The NSA is Tracking Cellular Phone Locations Around the World

I’m sure this isn’t going to surprise anybody. On top of reading our e-mails and text messages, listening to our phone calls, and attempting to decrypt our encryption communications the National Security Agency (NSA) has been busy tracking our location using our voluntary tracking device (often mistakenly referred to as a cellular phone):

The National Security Agency is gathering nearly 5 billion records a day on the whereabouts of cellphones around the world, according to top-secret documents and interviews with U.S. intelligence officials, enabling the agency to track the movements of individuals — and map their relationships — in ways that would have been previously unimaginable.

The records feed a vast database that stores information about the locations of at least hundreds of millions of devices, according to the officials and the documents, which were provided by former NSA contractor Edward Snowden. New projects created to analyze that data have provided the intelligence community with what amounts to a mass surveillance tool.

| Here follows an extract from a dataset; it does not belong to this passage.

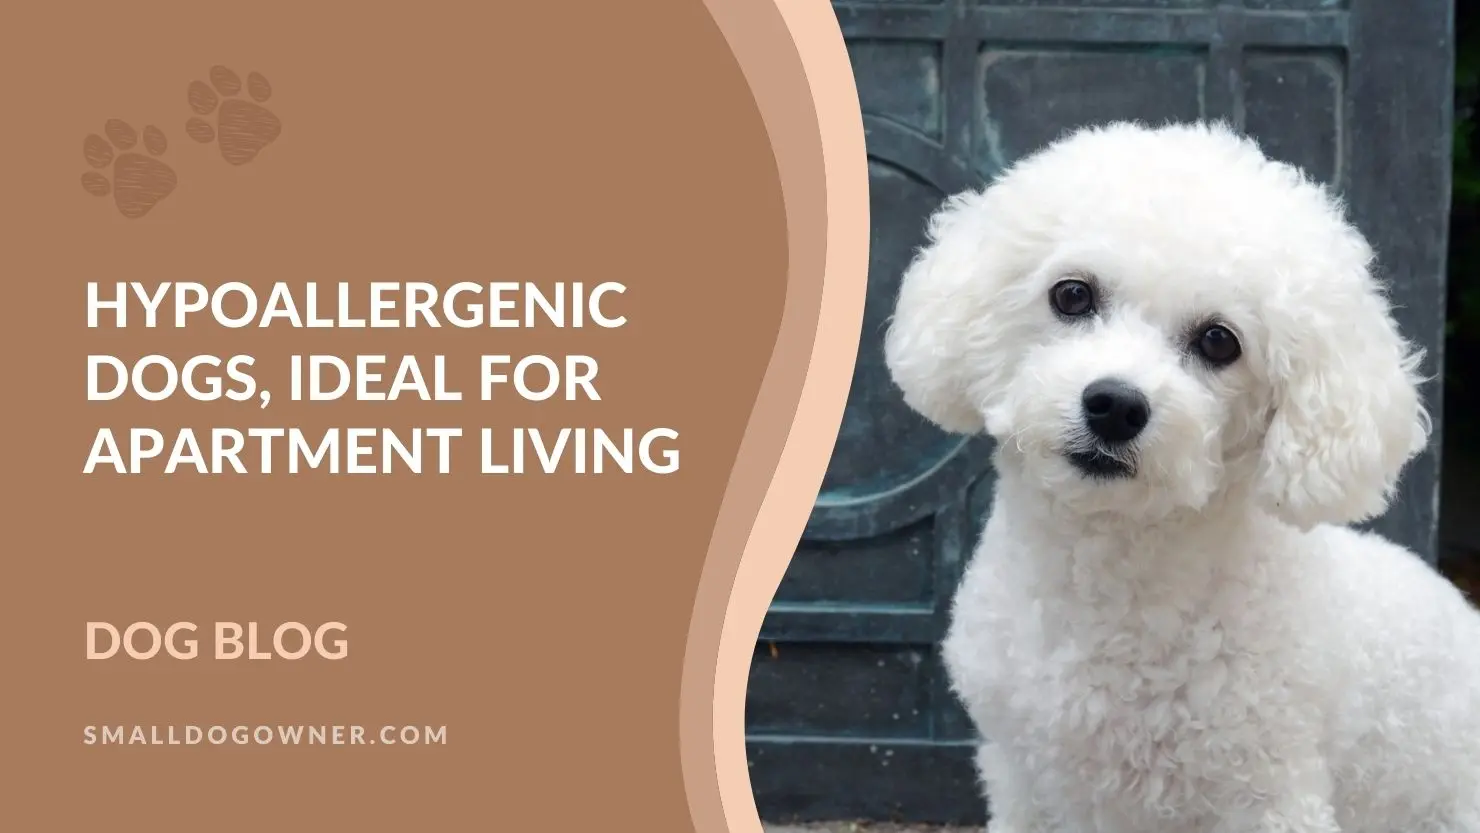 Hypoallergenic apartment dogs

At this point I feel that it’s safe to assume that the NSA has utilized every technology we use in our daily lives to inflict an Orwellian world upon us. It’s obvious that the people in charge of the agency have no conscious whatsoever. Anybody with a conscious would have objected to at least a few of the activities the NSA has been involved in. In fact things are so bad at the NSA that it gave its employees talking points so they could justify their actions to their family members during Thanksgiving.